#### TASK REQUIREMENTS
Each line in the material below, starting at the one with "45791c38b8 Nanette Lepore" and ending at the one with "Wild Caught Tuna", is to be reproduced exactly; no picture is to be copied.

#### TASK MATERIAL
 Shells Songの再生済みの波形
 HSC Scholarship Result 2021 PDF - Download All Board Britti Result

==

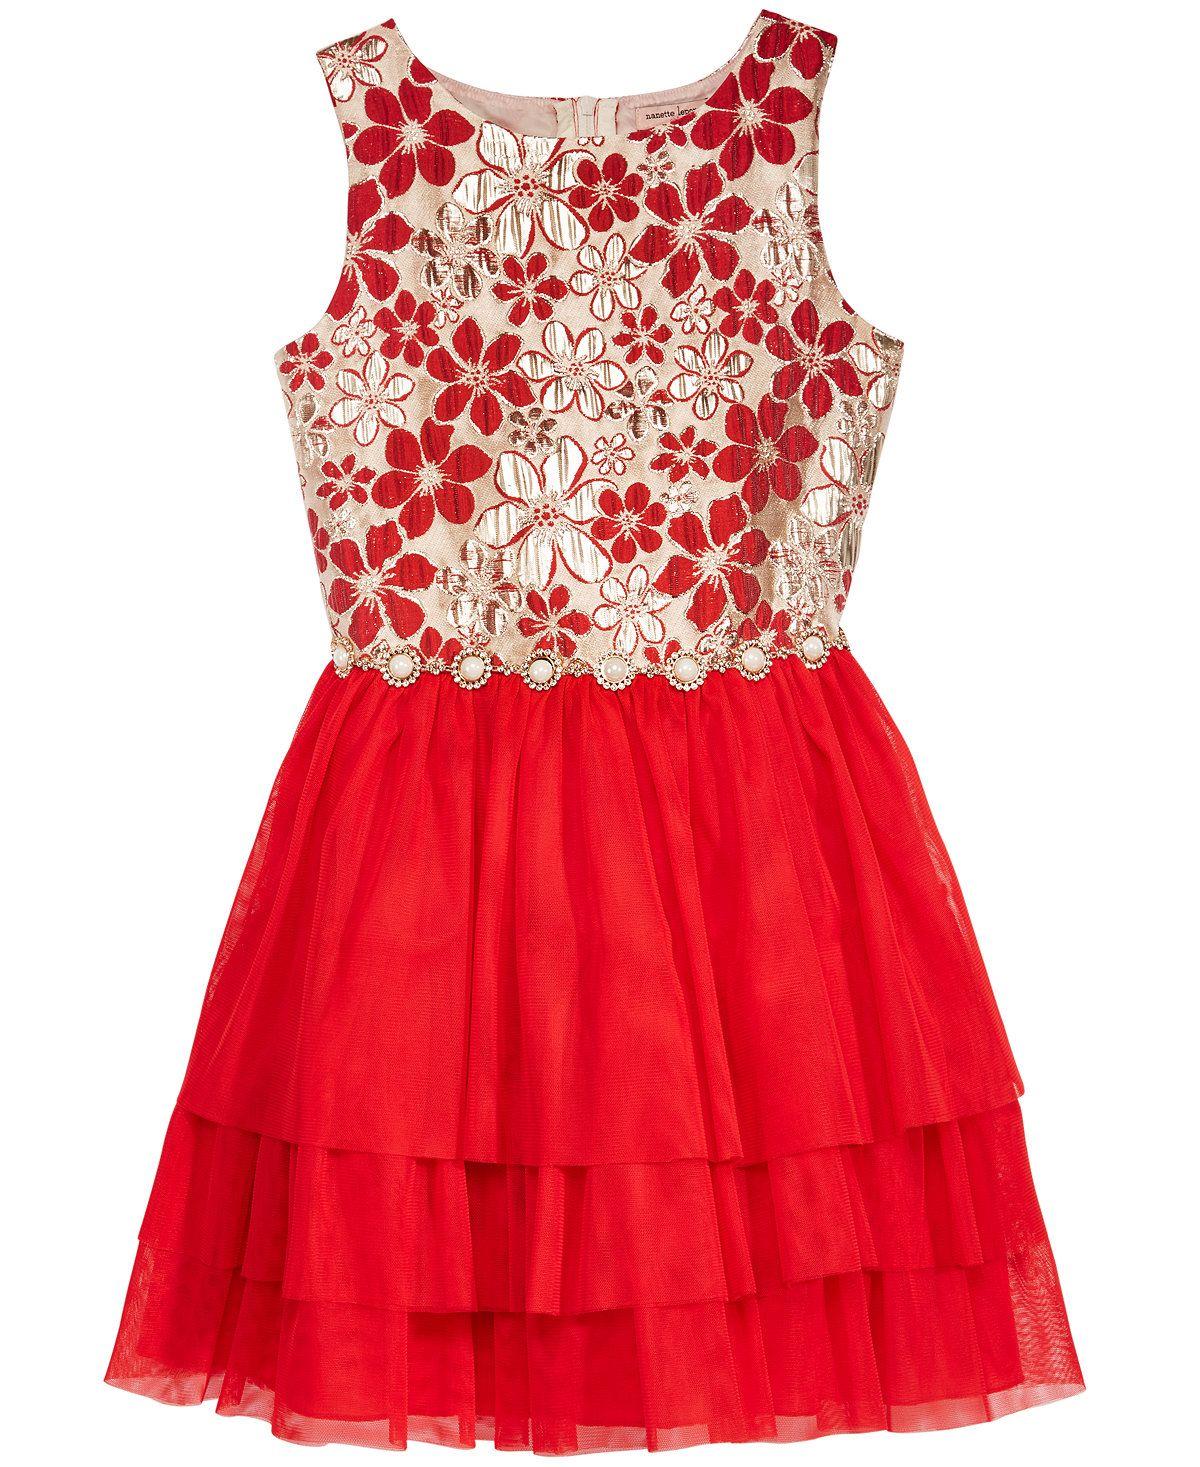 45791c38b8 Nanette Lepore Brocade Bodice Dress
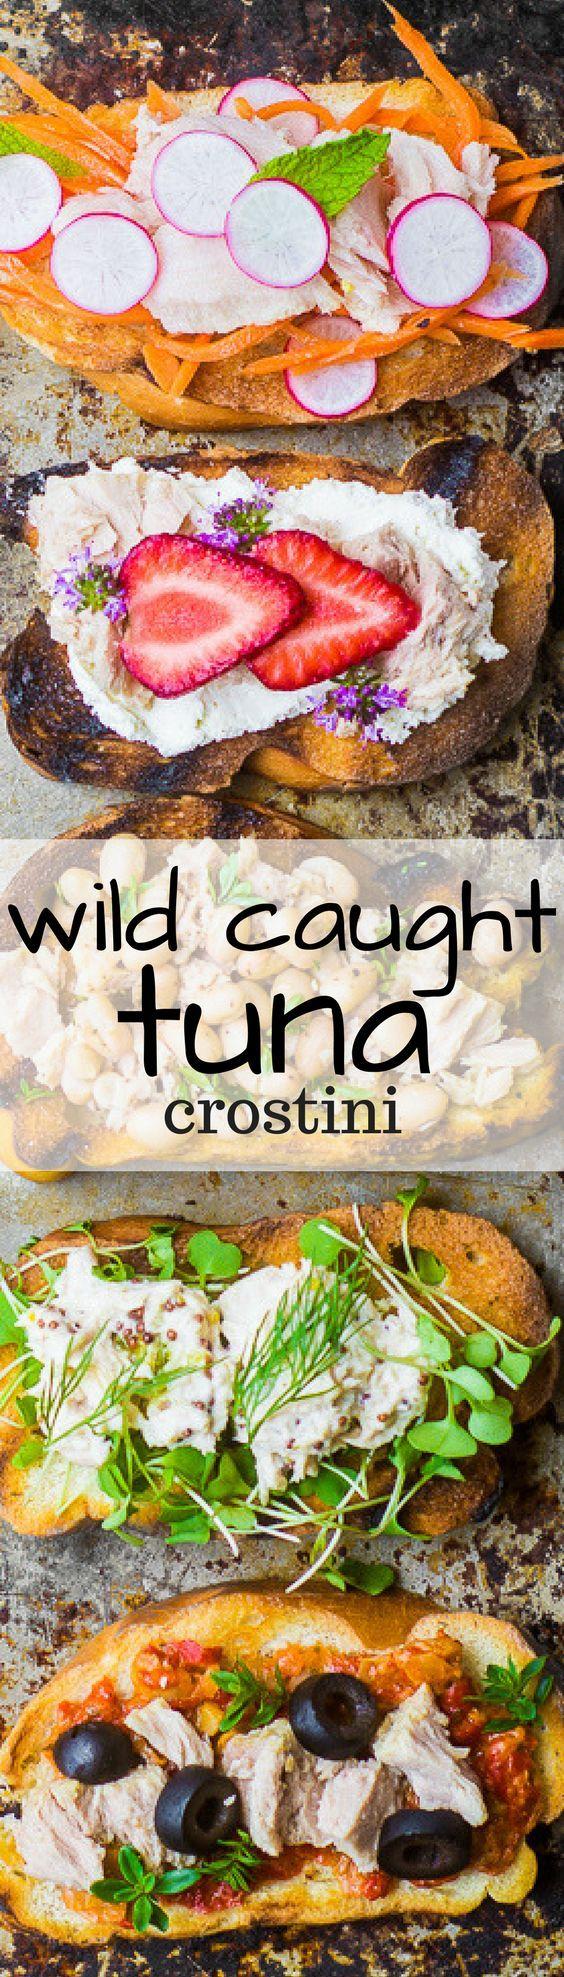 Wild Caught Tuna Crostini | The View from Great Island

---

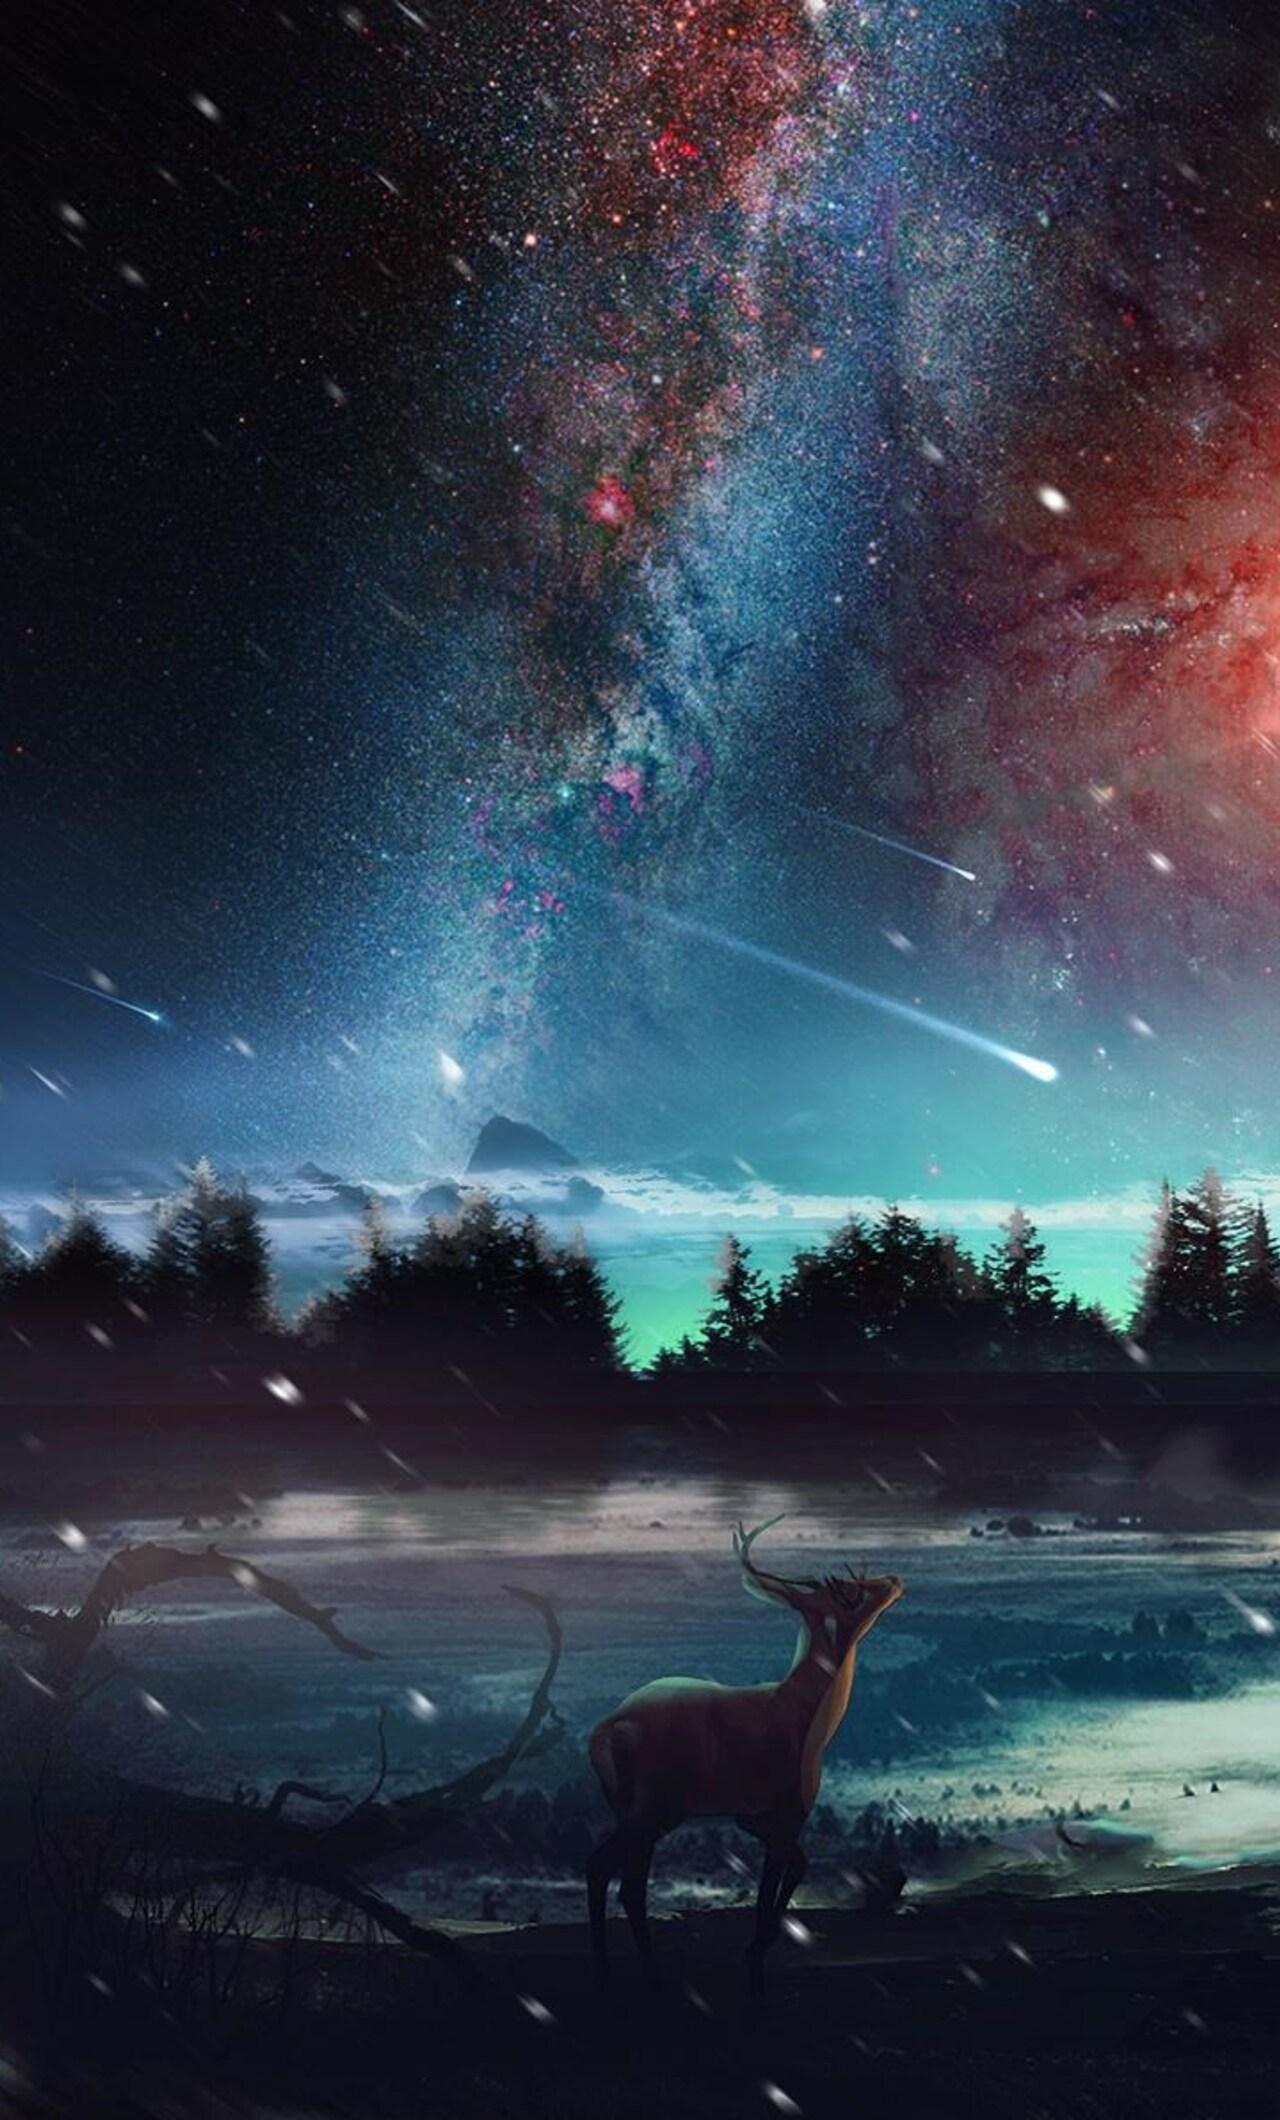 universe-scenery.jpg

#### RESPONSE
 45791c38b8 Nanette Lepore Brocade Bodice Dress
 Wild Caught Tuna Crostini | The View from Great Island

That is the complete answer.